# Anyone heard of "Live Oak Kennels" out of Tx



## Willi Ortner (Apr 3, 2012)

Hi all,

I was messaged by someone "affiliated" with Life Oak Kennels asking if I was interested in "championship bred dogs." So I checked out their page, looked at their website.....They sell all puppies (GSD and Rottis) for $1,000, and advertise/sell white Shepherds. They do training in protection but no mention of Schutzhund. 

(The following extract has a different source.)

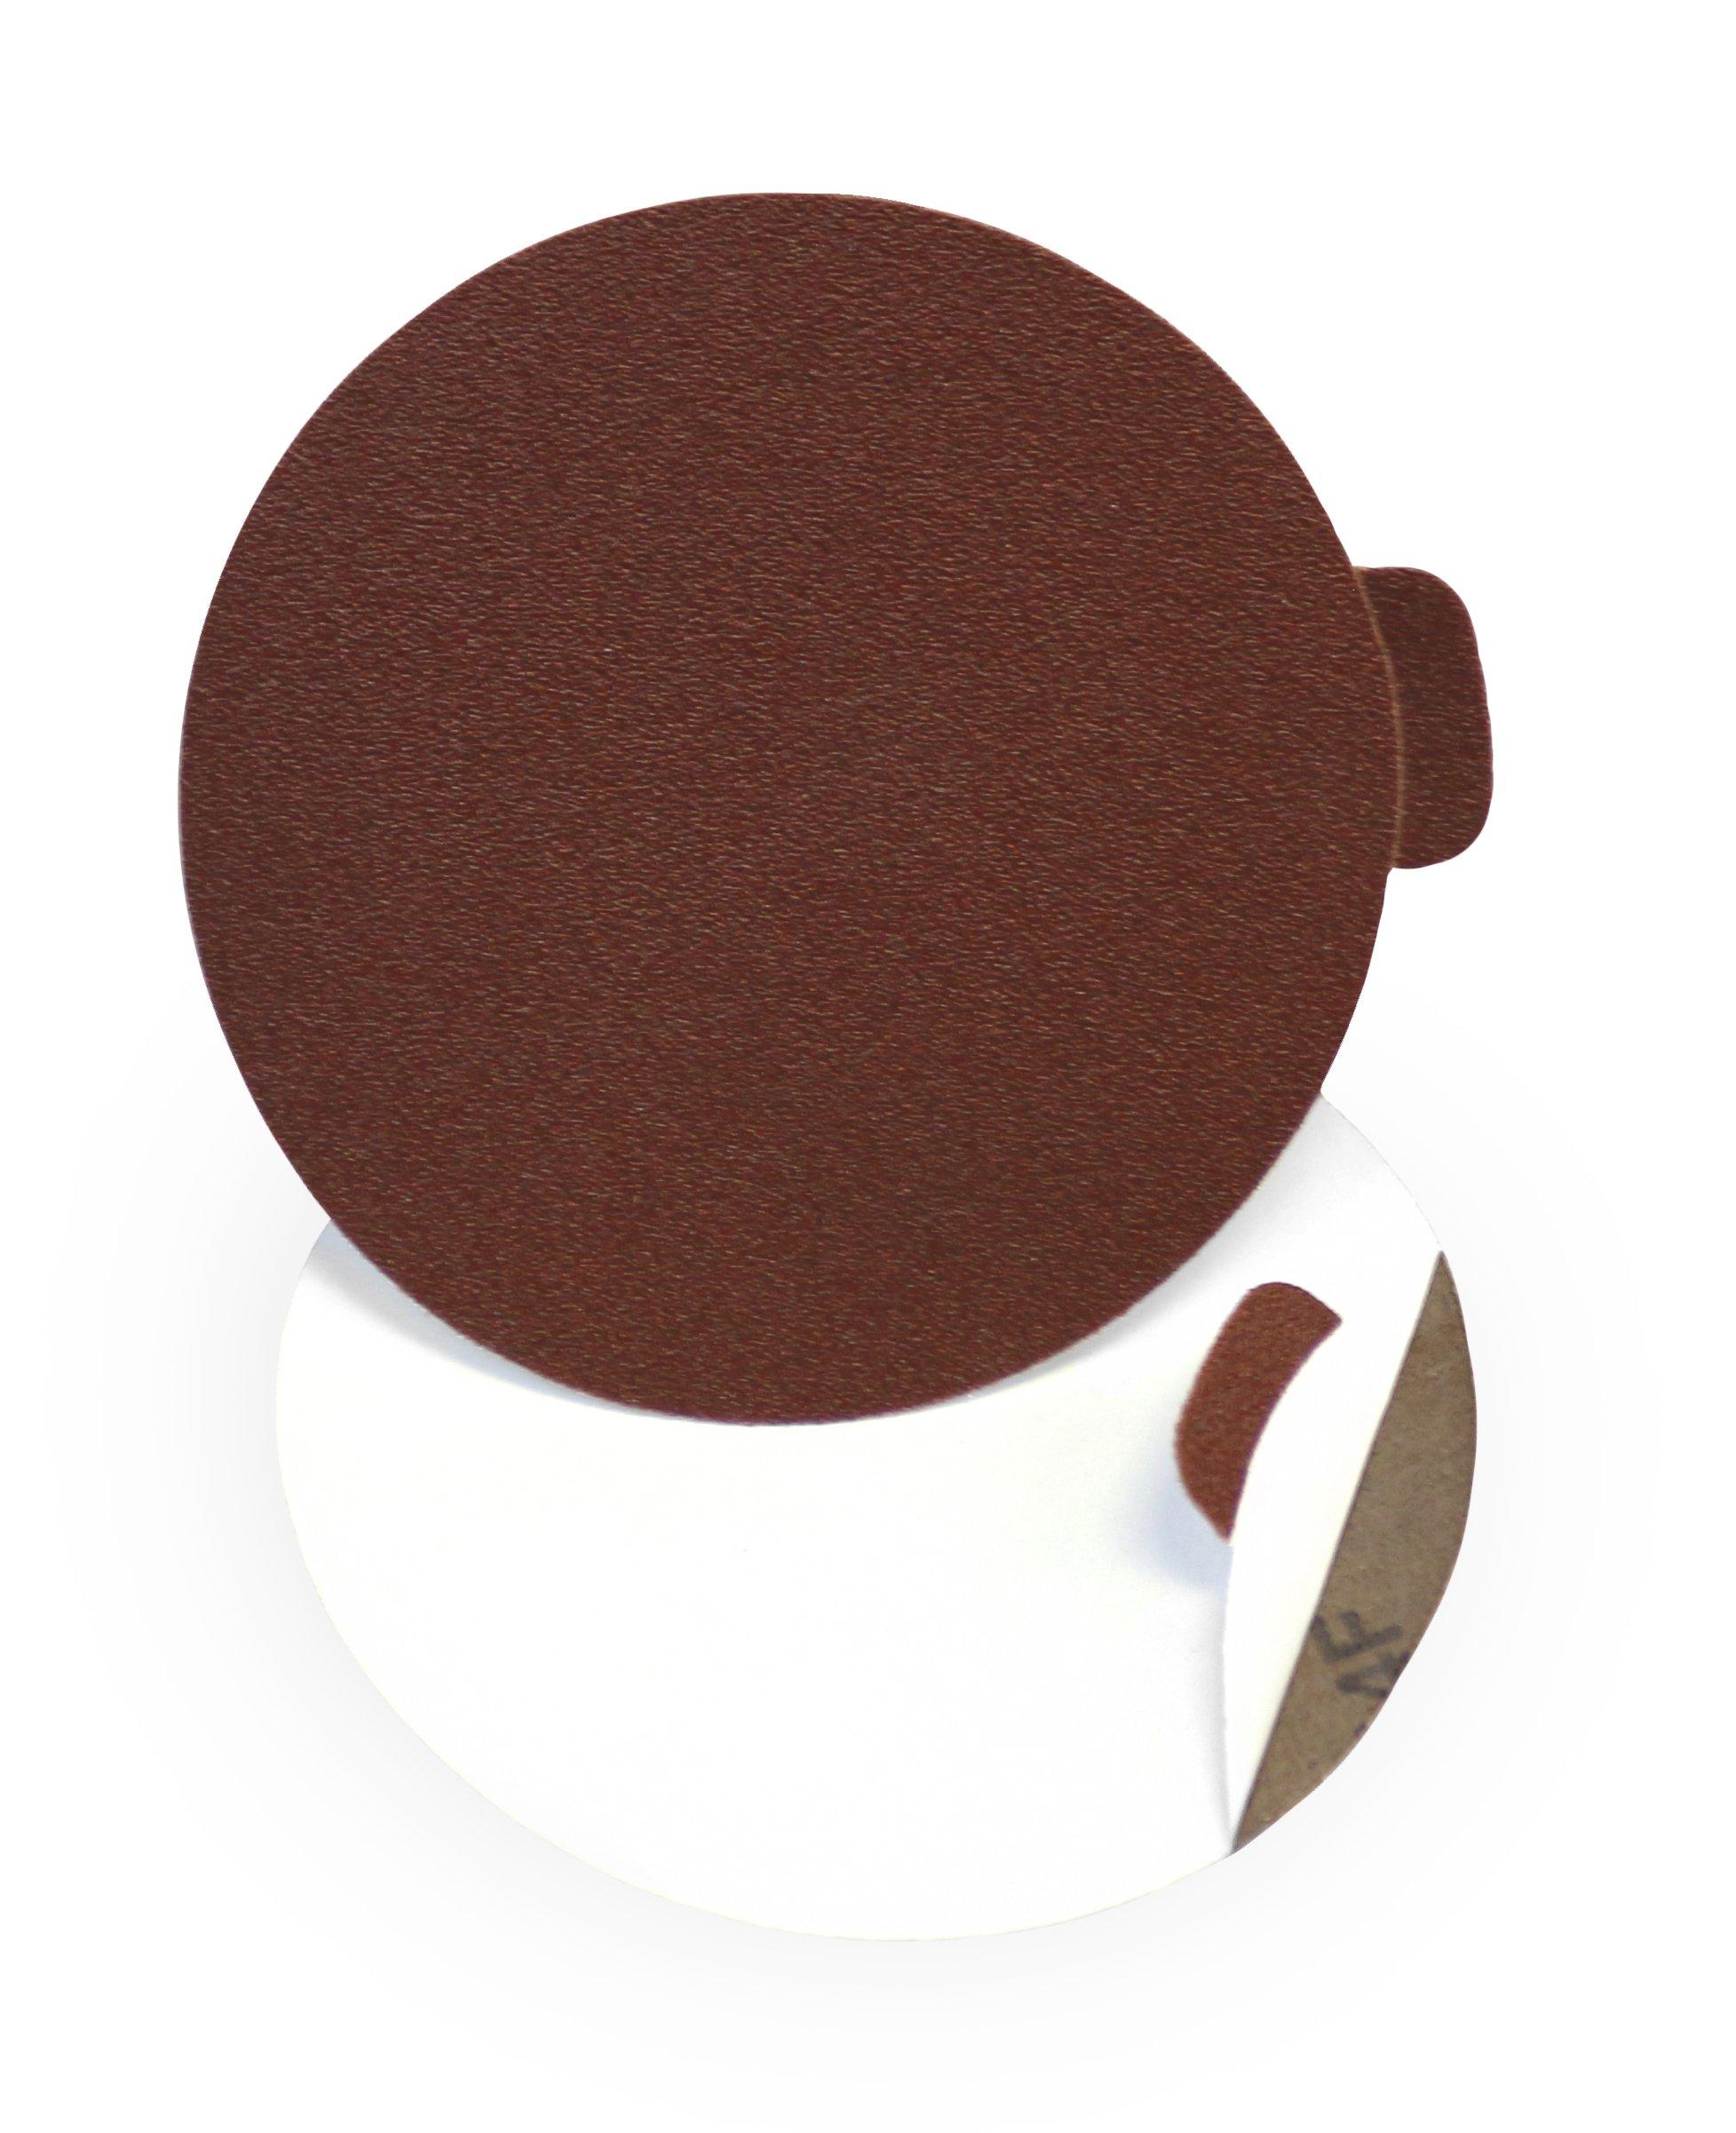 VSM 88367 PSA Cloth Disc, 5'' Diameter, 60 Grit, Aluminum Oxide (Pack of 100) by VSM

I am not interested in them, just curious if anyone else knows anything about them.

Cheers, Willi


----------



## Peter Cavallaro (Dec 1, 2010)

Cant help with the said kennel but i have been snooping around yr site and checking out yr lines and achievements....doesng look like you need to affiliâte with anyone else — what yr doing is already working jmo.


----------



## Willi Ortner (Apr 3, 2012)

Thank you Peter! Appreciate it. I have no interest in the above said kennel, especially after emailing back and forth a little bit. They told me to "let them know" if I wanted "champion bred dogs." Couldn't help but laugh. Unfortunately much of the general public would believe every word these people say.


----------



## Bob Scott (Mar 30, 2006)

I have no idea who they are but "White Shepherds" = red flag. JMHO of course!


----------



## Dana McMahan (Apr 5, 2006)

The Rottweilers are horrible looking and they list no pedigrees so I'm guessing that would be considered a red flag. It did interest me that they had a NARA logo on their site and under links they link to this trainer who has the same photos of German Shepherds. Never heard of them either but thought it was interesting that they are affiliated with ringsport. 

http://www.bwdogtraining.com/


----------